START Records shown

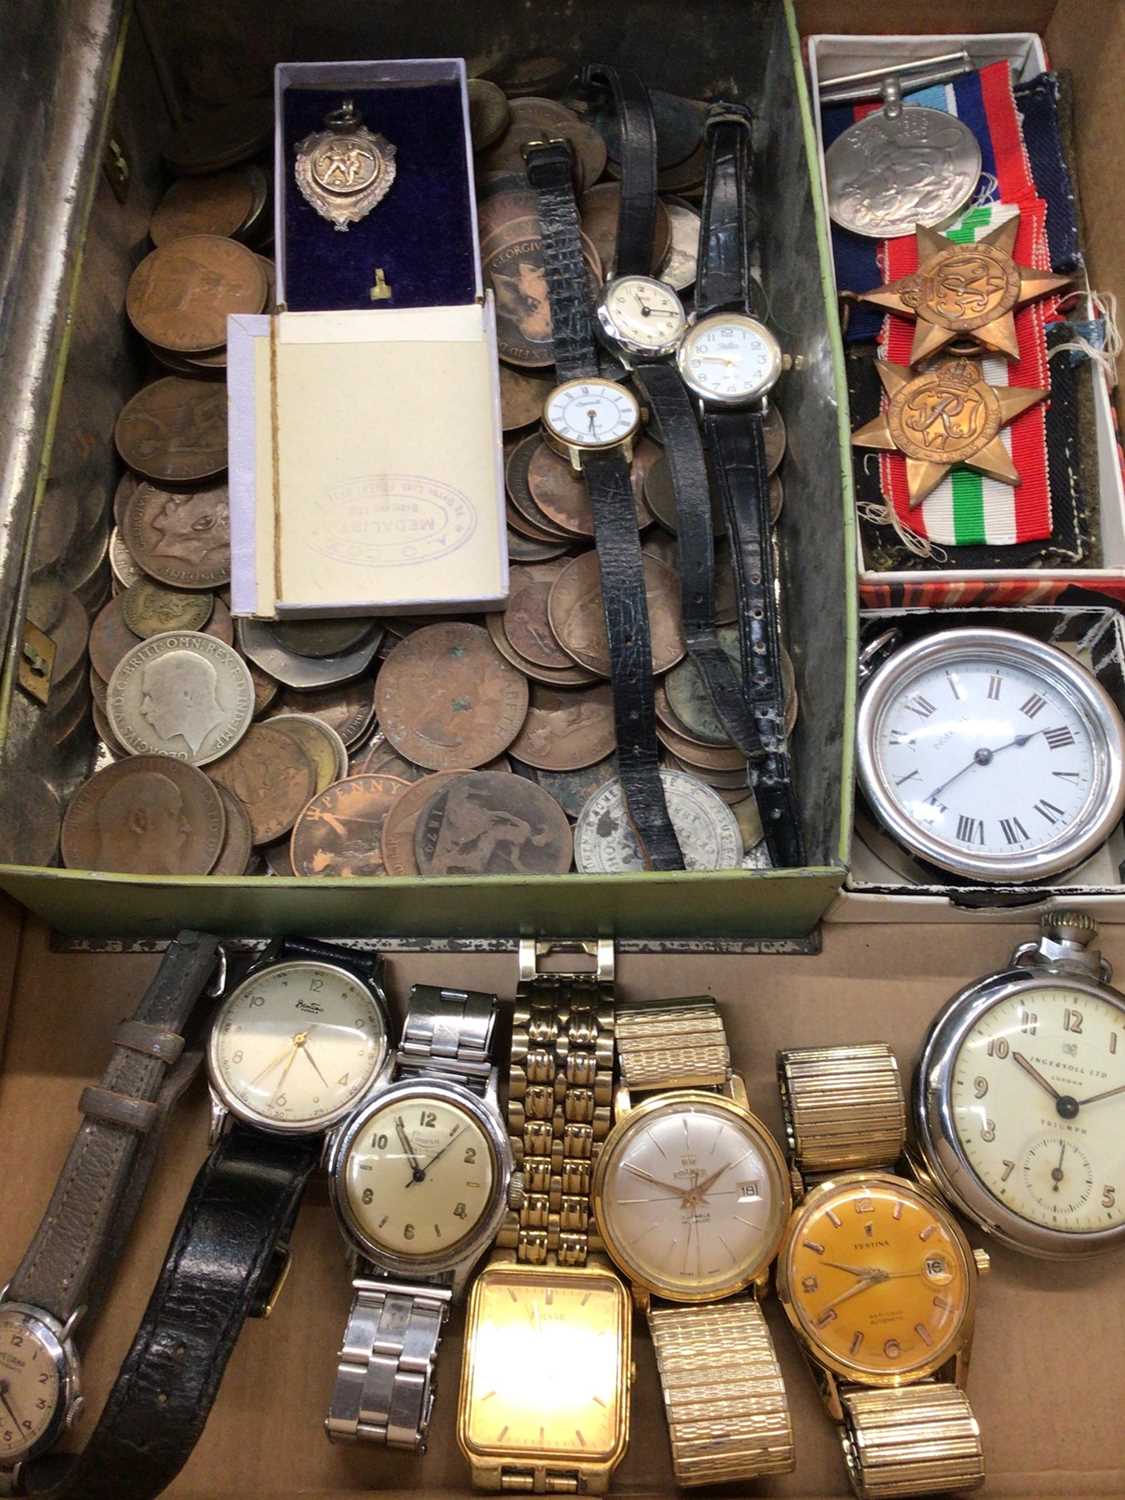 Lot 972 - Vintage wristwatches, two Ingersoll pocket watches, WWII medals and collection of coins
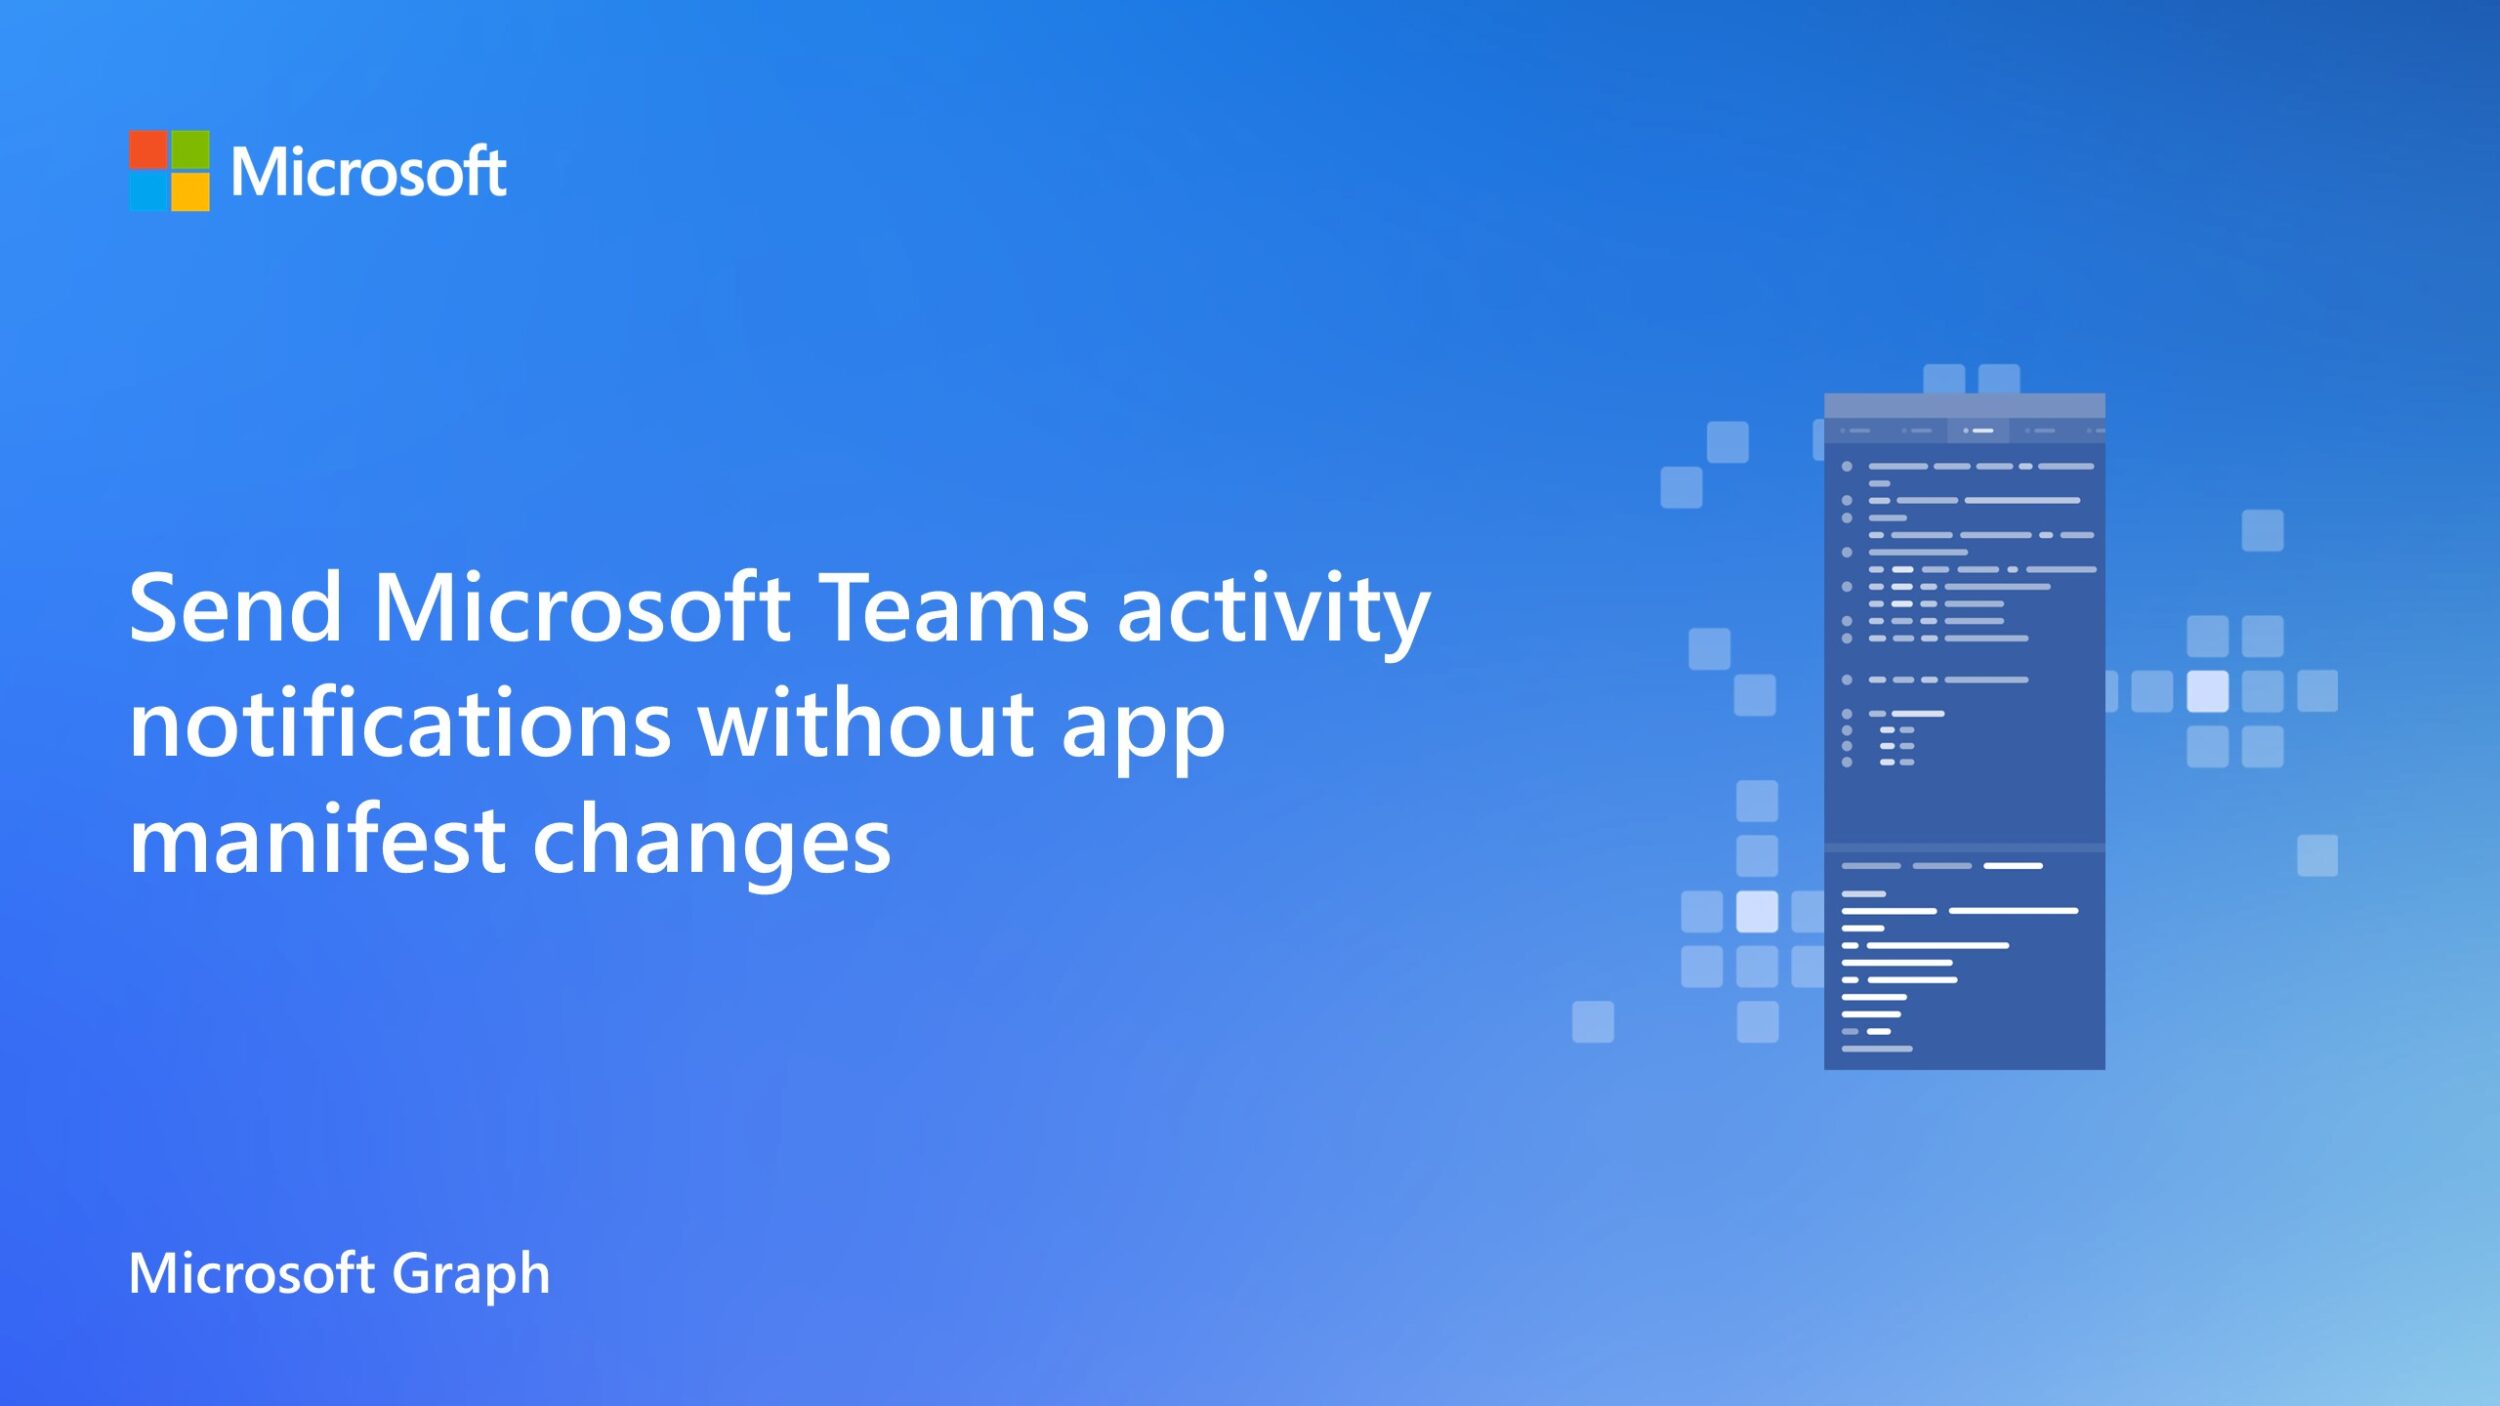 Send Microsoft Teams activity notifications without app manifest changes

END Records shown
START Records shown

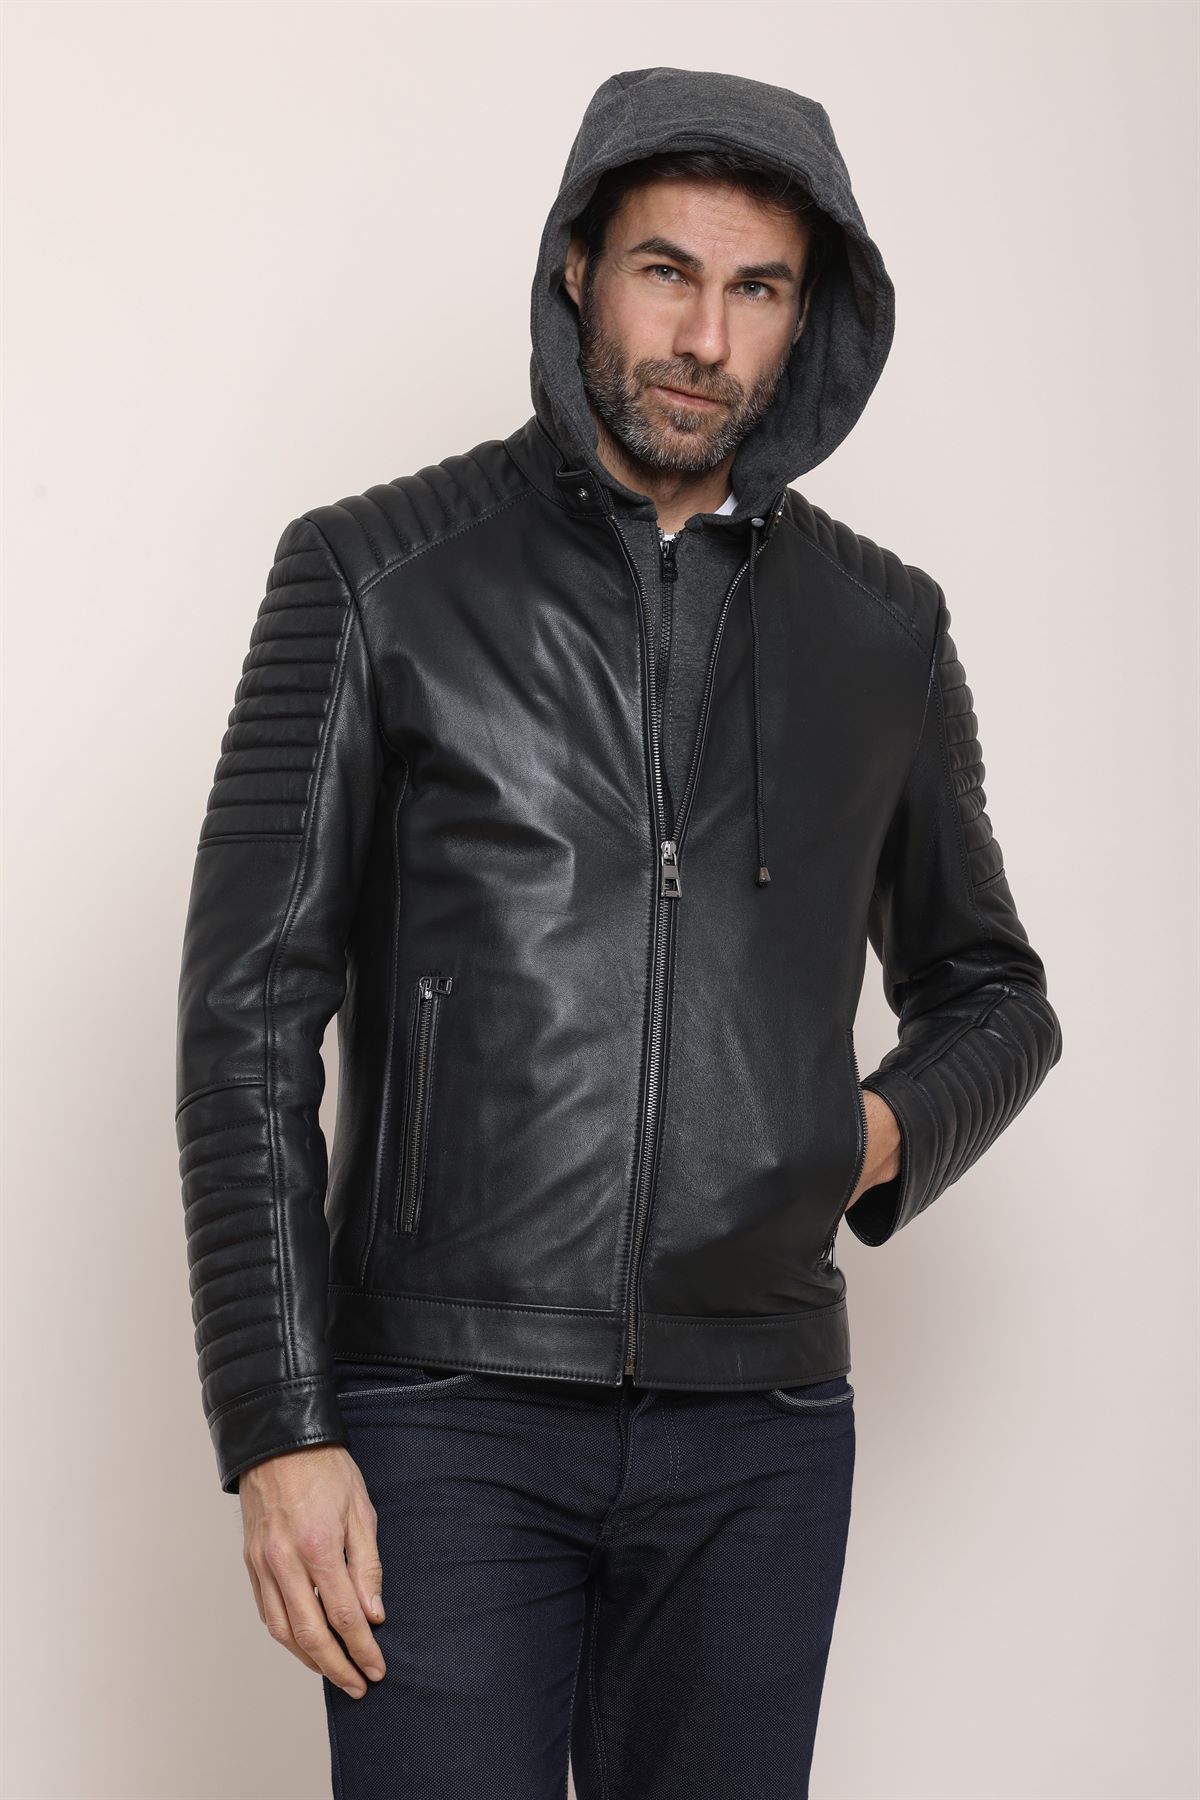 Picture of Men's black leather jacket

END Records shown

▶ **Work instruction**
Output should consist of the lines above from the one with "Lot 972 - Vintage" down to the one with "Send Microsoft Teams", exact and without pictures.

▶ **Finished exercise**
 Lot 972 - Vintage wristwatches, two Ingersoll pocket watches, WWII medals and collection of coins
 Send Microsoft Teams activity notifications without app manifest changes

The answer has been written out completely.